Didirikan pertama kali di Cisarua, Bogor pada 2006, objek wisata buatan ini berkembang pesat. Yang terbaru, sang pemilik, Bambang Sutantio membuka gerai baru Cimory di Prigen, Kabupaten Pasuruan.
Proyek yang dimulai sejak 2015 itu merupakan gerai keempat Cimory Grup setelah 2 gerai di Bogor dan 1 yang baru saja dibangun di Bawen, Jawa Tengah.
Di Prigen, objek wisata dengan nama panjang Cimory Dairy Land & Resto terhitung baru sebulan lebih 10 hari beroperasi. Tepat pada 1 Desember 2019 lalu, usaha yang bagian dari Macro Grup itu dibuka.
Berada di ketinggian 600 meter dengan dungan panorama alam pegunungan, Cimory yang ada di kaki Gunung Welirang itu sontak menjadi primadona.
Media sosial dihiasi swafoto wisatawan yang berkunjung ke sana. Arsitektur beberapa bangunan yang terpacak di media sosial pun juga menjadi daya tarik tersendiri bagi siapa saja yang melihatnya.
Ditambah lagi website-website pariwisata yang banyak mengulas betapa menyenangkan berwisata ke Cimory.
Ya, Cimory memang diharapkan bisa menjadi alternatif di antara deretan objek wisata yang sudah ada selama ini. Berbekal selembar tiket Rp20 ribu, masyarakat pun sudah bisa masuk ke sana.
Akan tetapi, perlahan tapi pasti, antusiasme itu pada akhirnya justru membuka cacat Cimory yang tak kasat mata.
Betapa tidak. Ramainya wisatawan yang berkunjung ke sana pada akhirnya membuat akses menuju puncak di Jalan Raya Prigen macet parah. Dan itu terjadi sejak wahana yang berhadapan dengan Pasar Tradisional Prigen itu dibuka.
Mendekati moment pergantian tahun, kemacetan yang terjadi makin parah.
Menyikapi itu, Pemkab Pasuruan pun turun tangan. Pertemuan melibatkan pengelola Cimory dengan OPD (Organisasi Perangkat Daerah) terkait digagas Komisi I DPRD setempat. Hasilnya, terungkap fakta bila tempat rekreasi yang berkantor pusat di Jakarta itu belum memiliki Amdal Lalin.

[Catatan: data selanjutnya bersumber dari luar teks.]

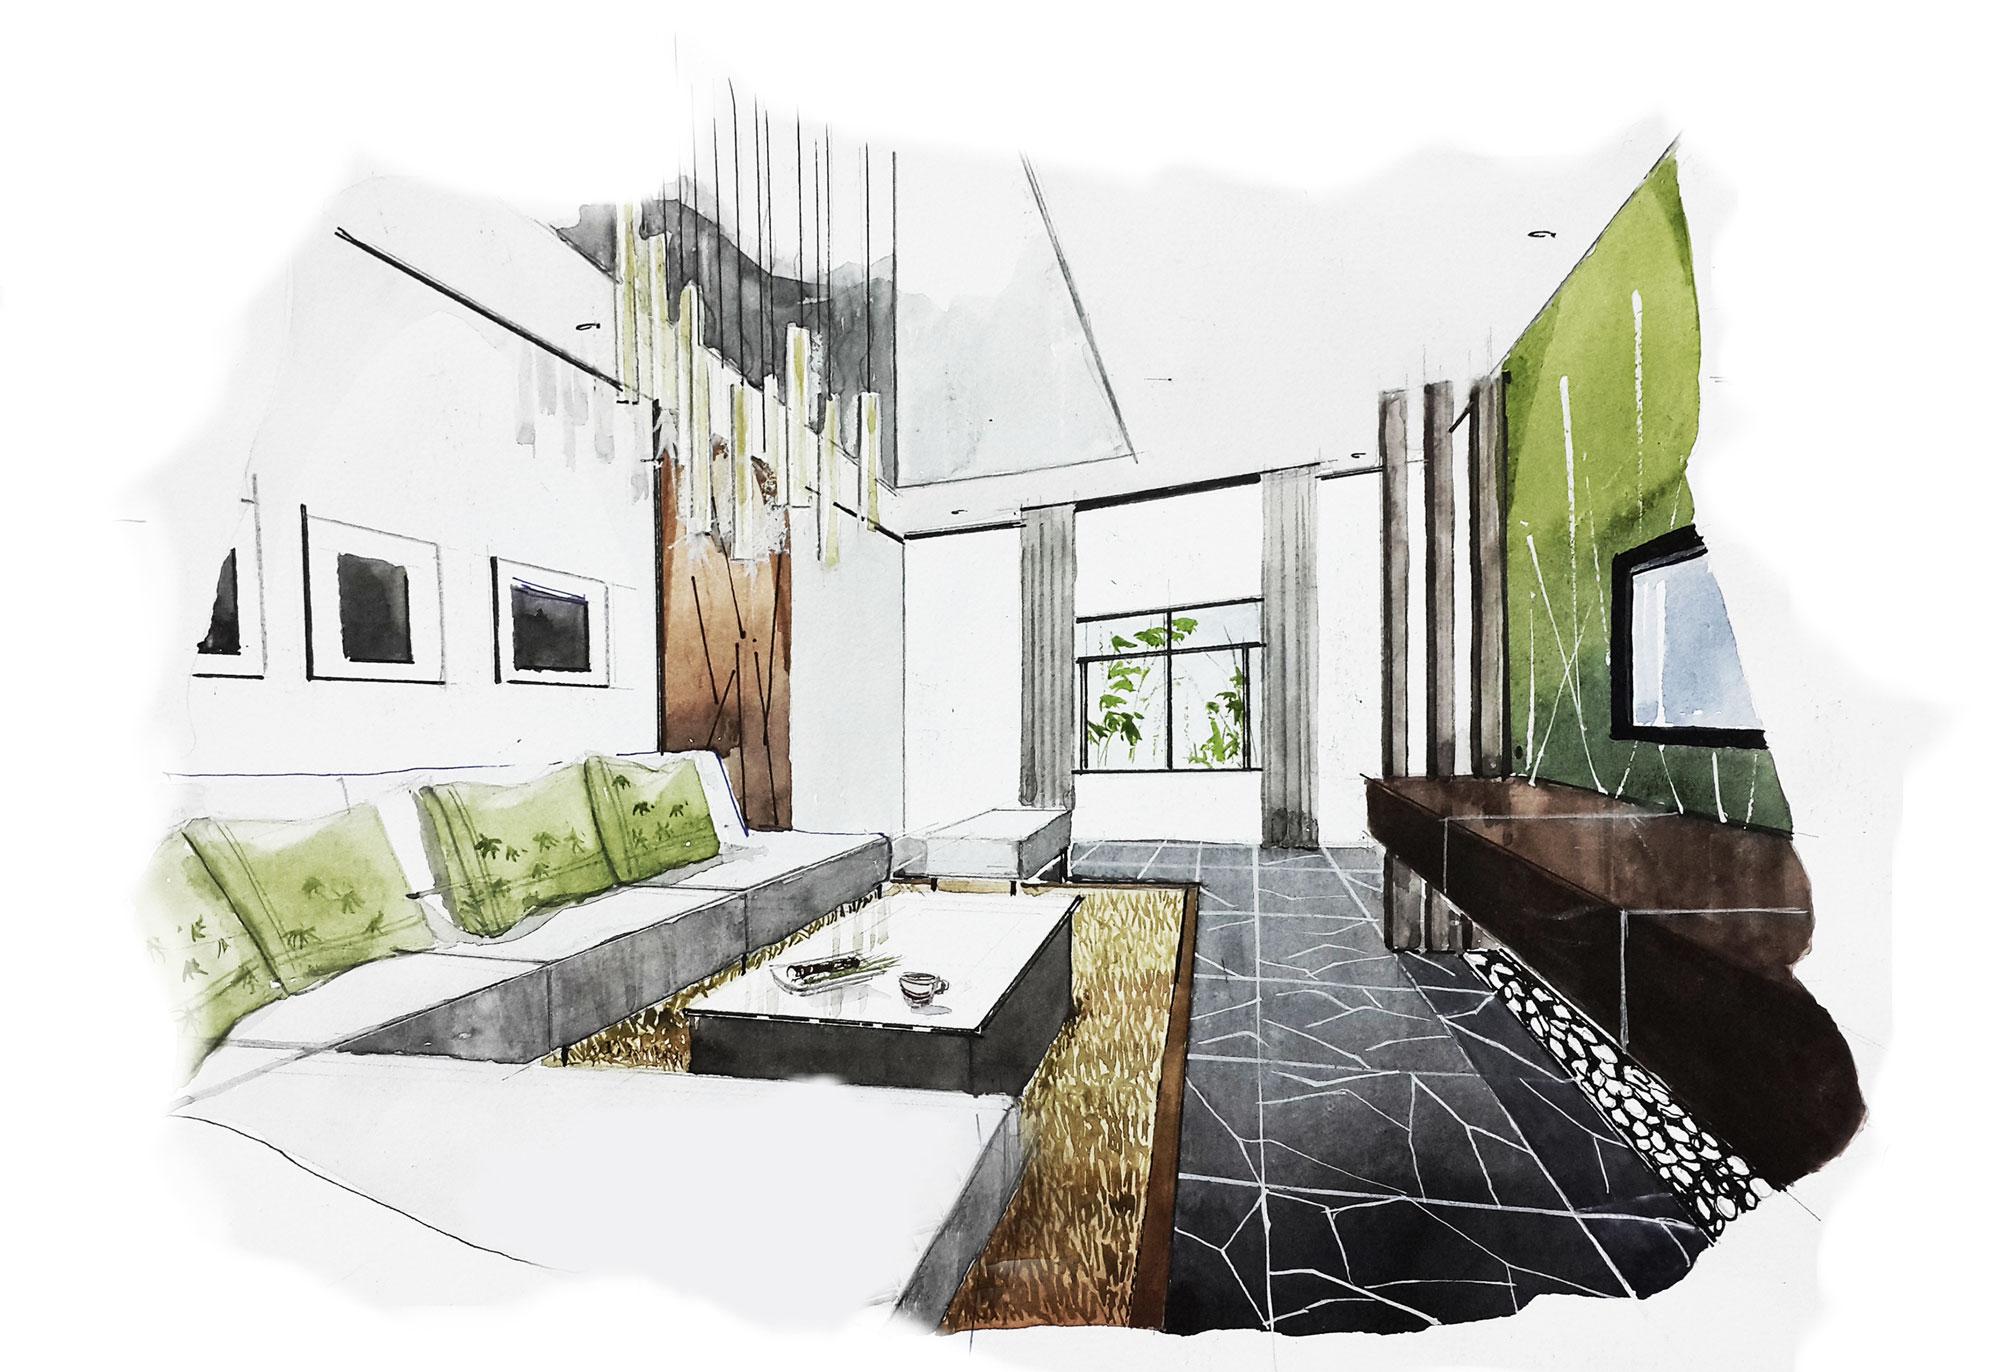 conceptview_interior_general_1.jpg

“Itu temuan dari Sidak teman-teman di dewan,” kata Wakil Ketua DPRD, Andri Wahyudi.
Tidak adanya dokumen Amdal Lalin itu yang kemudian mengundang tanya akan izin operasional Cimory. Pasalnya, sebagai penyedia jasa hiburan dan atau tempat rekreasi, sudah selayaknya Cimory memiliki izin tersebut.
Sementara, izin operasional akan diterbitkan jika Amdal Lalin sudah dikantongi. Dan, pada akhirnya, izin operasional itu ternyata belum dipunyai.
Manajer CDL, Yos Ruwandi dalam sebuah pertemuan dengan pihak terkait tak mengelak bila objek wisata yang dikelolanya belum memiliki Amdal Lalin.
Ia bilang, dokumen tersebut masih dalam proses pengurusan di Dinas Perhubungan Jatim lantaran klasifikasi jalan yang memang wilayah provinsi.
Nir Amdal Lalin bukan-satu-satunya fakta yang ditemukan terkait kegiatan Cimory. Kontruksi objek wisata ini juga tidak sesuai dengan rancang bangun yang disetujui Pemkab. Hal itu terungkap saat dewan setempat menggelar Sidak (inspeksi mendadak) ke lokasi.
Jembatan penghubung antar resto adalah salah satunya. “Pada gambar rancang bangun sebelumnya, tidak ada gambar jembatan itu,” kata Eko Suryono, anggota Komisi I yang ikut Sidak kala itu.
Sikap dewan terkesan lunak. Atas beberapa temuan itu, mereka meminta pihak Cimory segera meng-update dokumen perizinan sesuai dengan gambar terbaru, tanpa ada rekomendasi penutupan sementara.